En este estado de cosas, se trata de un impulso automático lo que me lleva a la preferencia de esperar la cola del pago tradicional, a la supuesta rapidez de la máquina de autopago. De otro modo, sería como estar haciéndole un ERE en la mismísima cara de la empleada del supermercado.

No hace mucho presencié una escena que me descolocó. Una trabajadora de un conocido centro comercial (debía ser “cajera” atendiendo a su atuendo) terminaba su turno y salía del centro de trabajo haciendo su compra. Desconozco si por una decisión propia o quién sabe si a instancias de la empresa, pero lo cierto es que utilizaba la caja de “autopago”. Y yo como un gilipollas, me quedaba mirando. Es como si el ERE me lo estuviese haciendo a mí.

¿Modelo salvaje o modernidad?

Podríamos considerar una determinada línea argumental. Algunas grandes superficies con un considerable nivel de negocio fidelizado, entienden oportuno que el cliente realice una función que antes hacían los propios empleados escaneando los productos y completando el proceso de pago. A las direcciones no les preocupa, pues confían en que el consumidor no se fugará, aunque signifique una pérdida de atención, mayor enfado y una disminución del empleo. Los trabajadores del sector del comercio rechazan las cajas de autopago, teniendo en cuenta que no se trata tanto de máquinas que sustituyen al trabajo, sino que le trasladan a usted la tarea. Eso sí, con sus oportunas consecuencias en el empleo.

Puestos a rebatir, podríamos pensar que la argumentación anterior respondería a una lógica “neoludista”, propio de personas que se oponen al desarrollo tecnológico y científico de una sociedad moderna. En una gran superficie hay otras tareas que realizar, de forma que un sistema de estas características conllevaría que el empleado se dedicara a otras cosas en beneficio de la atención a la clientela.
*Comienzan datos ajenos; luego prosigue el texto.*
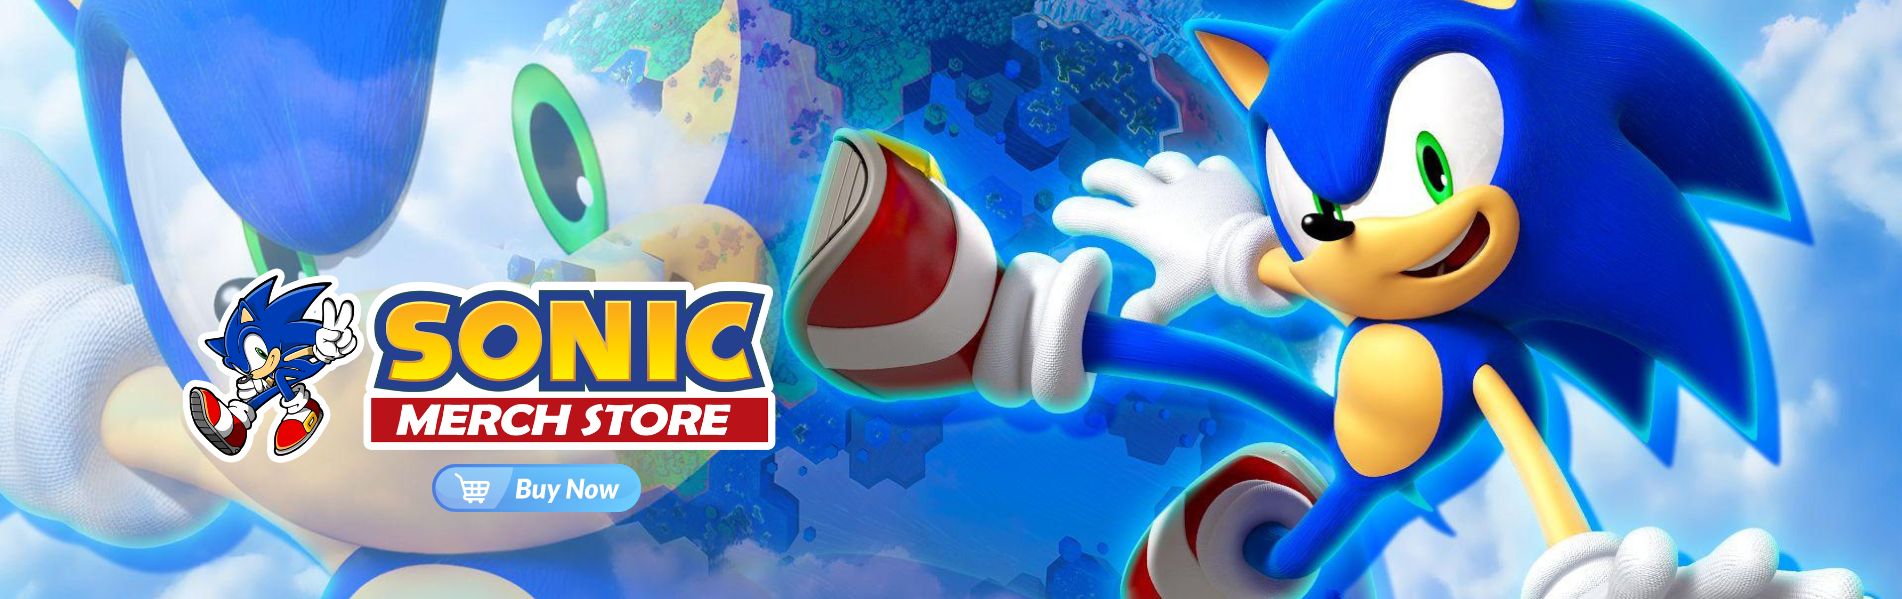 Sonic Merch Store Banner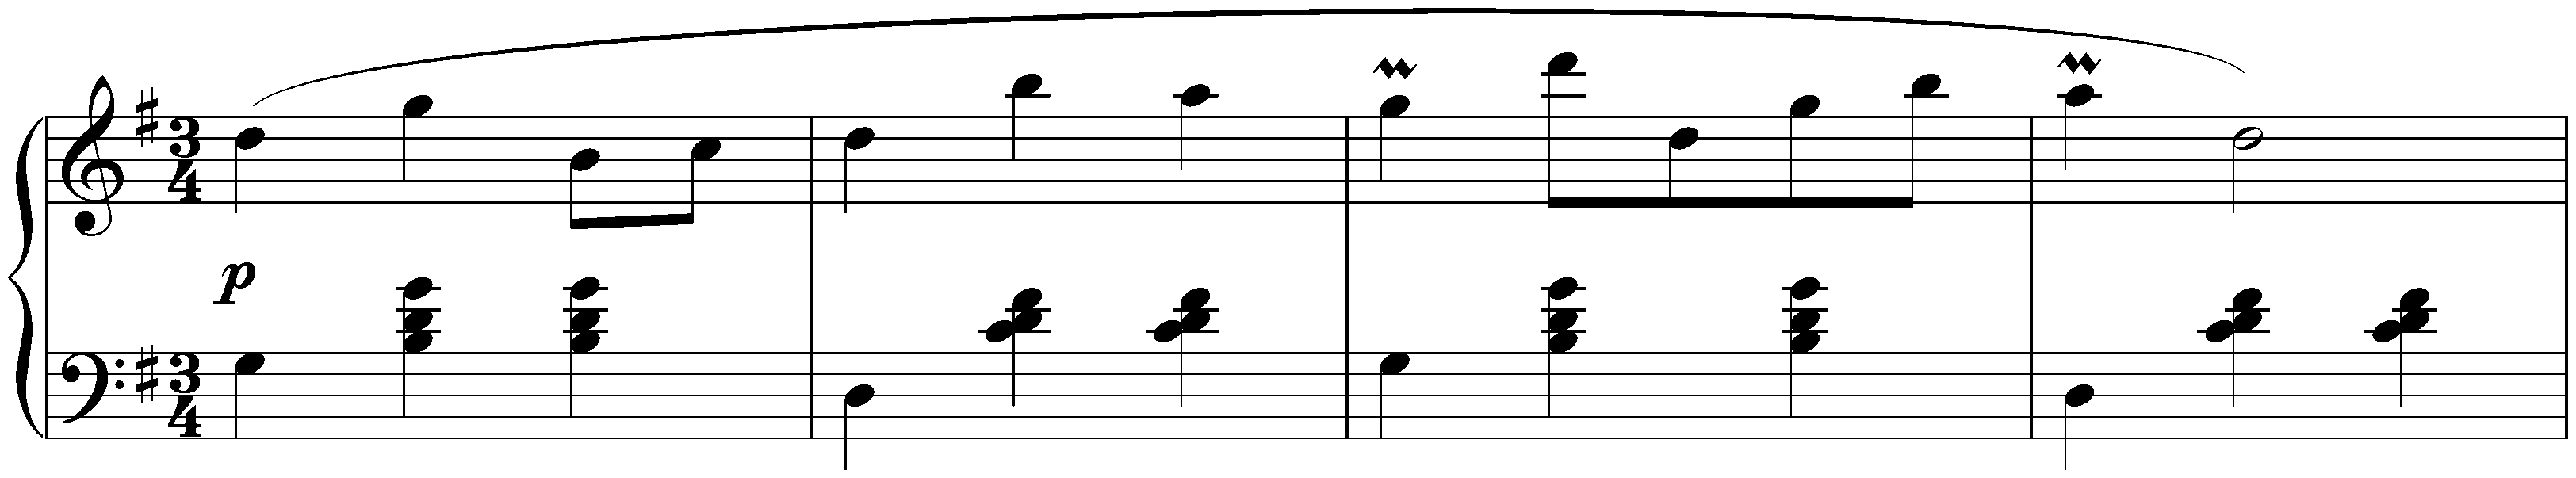 Twelve Waltzes, seventeen Ländler and nine Ecossaises, D 145; 28. Seventeen Ländler, no. 16 in G major

Quién sabe si nuestra protagonista, la cajera que autopaga, estaba pensando en lo sumamente alienante de su trabajo; una jornada entera escaneando productos y cobrando. Cierto, trabajar menos y trabajar mejor, nos podría servir como eslogan si el beneficio de los avances tecnológicos tuviera su correspondiente reparto en las distintas capas de la sociedad. En este caso, si aplicamos el sistema conocido como de “self checkout”, eliges el producto y lo pagas tú mismo, significa un desplazamiento de la carga del trabajo al propio usuario en beneficio de la rentabilidad del negocio.

La digitalización, robotización, la inteligencia artificial y en general, las tecnologías son asépticas. Serán buenas o malas en función del uso y de la carga ética de la propia sociedad (humana ésta), pues no contemplamos ningún tipo de determinismo tecnológico. El debate está servido cuando se llega a plantear que “los robots deban cotizar al Sistema de Seguridad Social”. Pero como el robot no es ese “humanoide con ojitos saltones”, en realidad lo que se plantea es la necesidad del reparto en los beneficios del propio desarrollo tecnológico, incluso llegando a percibirse ya de una forma no tan quimérica la idea del “salario mínimo universal”.

Acabamos esta trilogía de lo absurdo, aunque no sobrarán motivos ni ilustraciones para continuar reflexionando sobre ciertos estándares de negocio y de consumo; sobre un modelo de trabajo y de sociedad misma que nos incomoda. ¿Quieren una estampa? Paseen por los alrededores de cualquiera de esos establecimientos que dispensan comida rápida en su propio vehículo, ¡si es que tienen estómago!